С одной стороны — сытно, а с другой — сладко. Как мышь в крупу попал.
Щеки Яновского обдала волна жаркого румянца.
— С кем-то вы перепутали меня, Семен Данилович. Никакие блондинки по Москве меня не возят, а о поцелуйчиках вы, как всегда, по привычке пошутили.
— Нет, мил-человек, в серьезных делах не шутят. — Семен Данилович расправил усы и, вглядываясь в даль, что-то искал глазами.
— А как у вас со зрением-то? Может, обознались? Может, перепутали меня с кем-нибудь? А, Семен Данилович?
— Со зрением-то? — В усах дворника шевельнулась ухмылка. — Со зрением у меня, думаю, что получше, чем у тебя. Пока без очков читаю. Даже платье твоей блондинки рассмотрел. Красное такое, в белый горошек. Носит она такое?
Побелевшие ноздри Яновского вздрогнули, брови в строгой складке сошлись у переносицы.
— Знаете что, Семен Данилович… Вы человек глубоко русский и далеко не глупый. Так вот, напомню вам: уважайте старую русскую пословицу: шути, брат, да знай меру! И еще есть у нас, у русских, пословица, в ваши годы вы ее должны знать: когда кажется — крестись… А вам сегодня что-то показалось. — Яновский, не дожидаясь ответа дворника на свою дерзость, резко встал и быстрыми шагами направился в сторону своего подъезда.
— Ну что ж, перекрестимся, когда час придет! — громко бросил вдогонку Яновскому дворник.
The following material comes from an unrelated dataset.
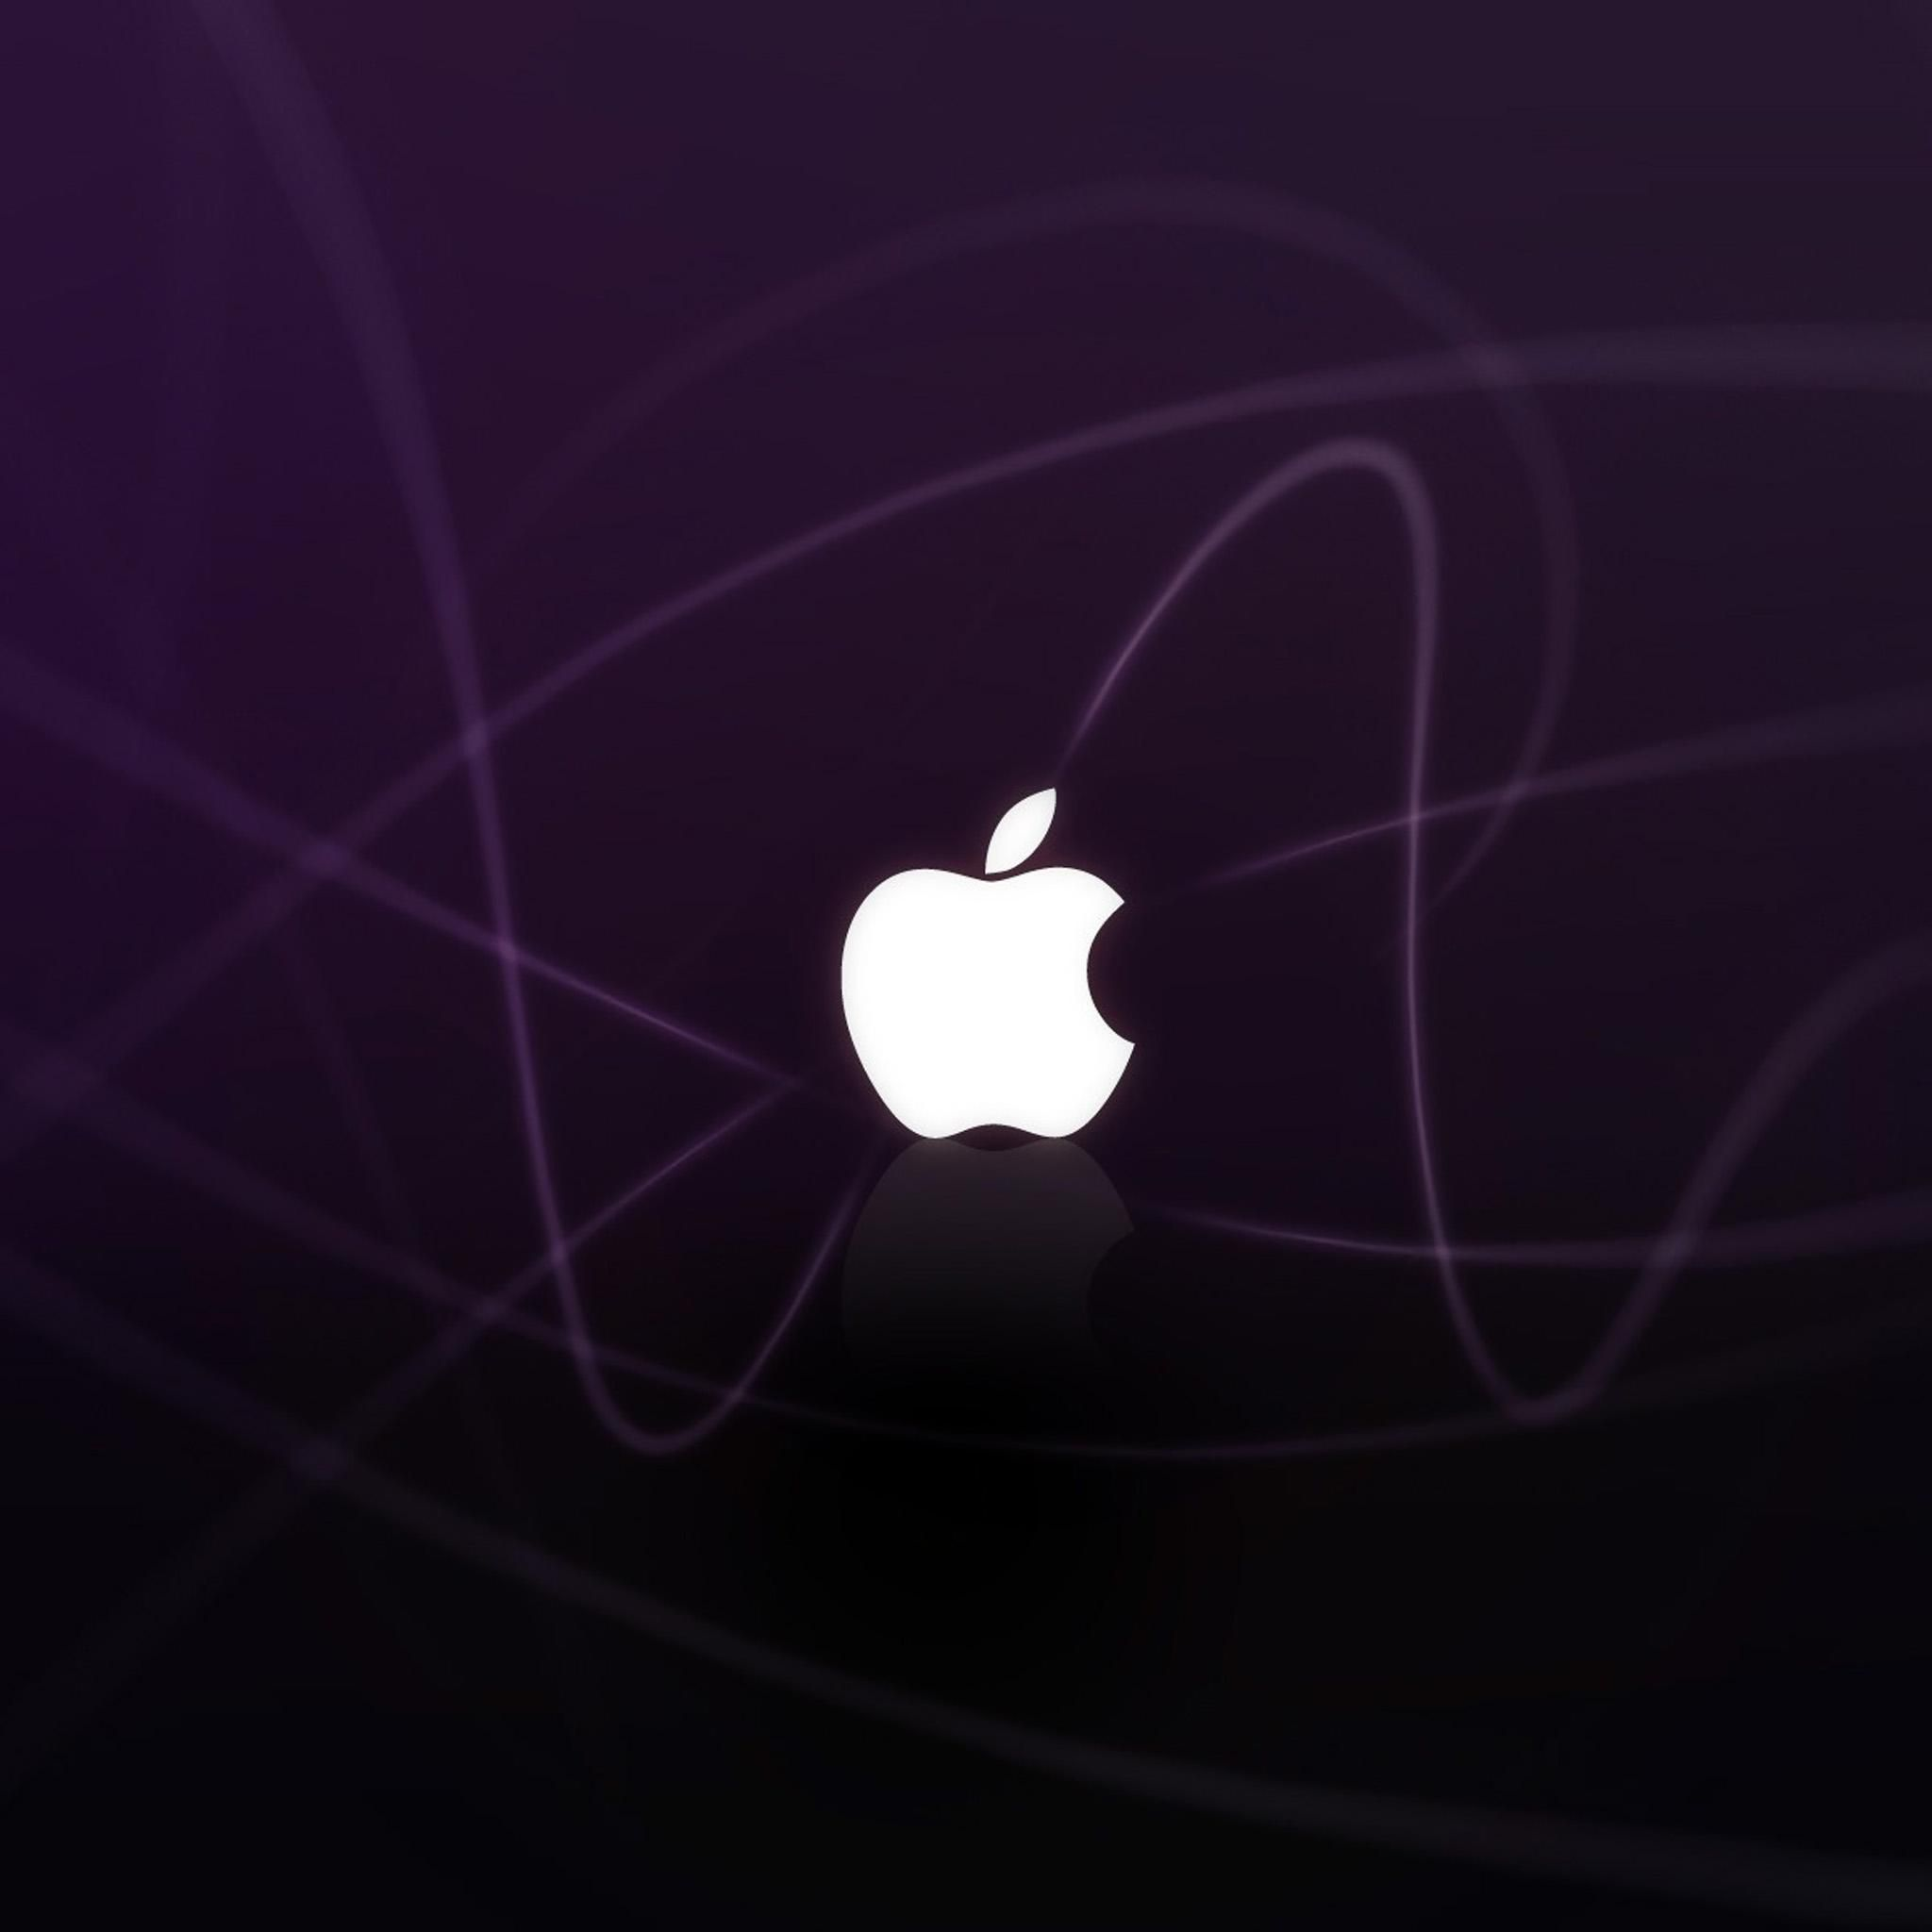 IPad Air Apple Wallpaper

И чтобы успокоить свои нервы, вслух, зная, что на расстоянии Яновский уже не услышит его слов, проворчал: — Ничего, я еще, стервец, найду случай пощекотать твои одесские струнки. «У нас, у русских…» Ты такой же русский, как я… — дальнейшие гневные слова не подвернулись.
Не прошло и десяти минут, как из четвертого подъезда выскочил Яновский. На нем был уже другой костюм. Судя по быстрому шагу, он куда-то торопился. Мимо скверика прошмыгнул, даже не взглянув в сторону дворника. Провожая его взглядом, Семен Данилович по-стариковски хмыкнул, а про себя подумал: «Да… Маху я дал… Дал маху. Не поговорил по душам с Вероникой Павловной, когда она с временной прописки переводила его на постоянную. А зря! Можно было бы и притормознуть. Она человек душевный и меня уважает. Да и Валерка ко мне как к родному деду относится… А ведь я уже и тогда знал, что он кобель…»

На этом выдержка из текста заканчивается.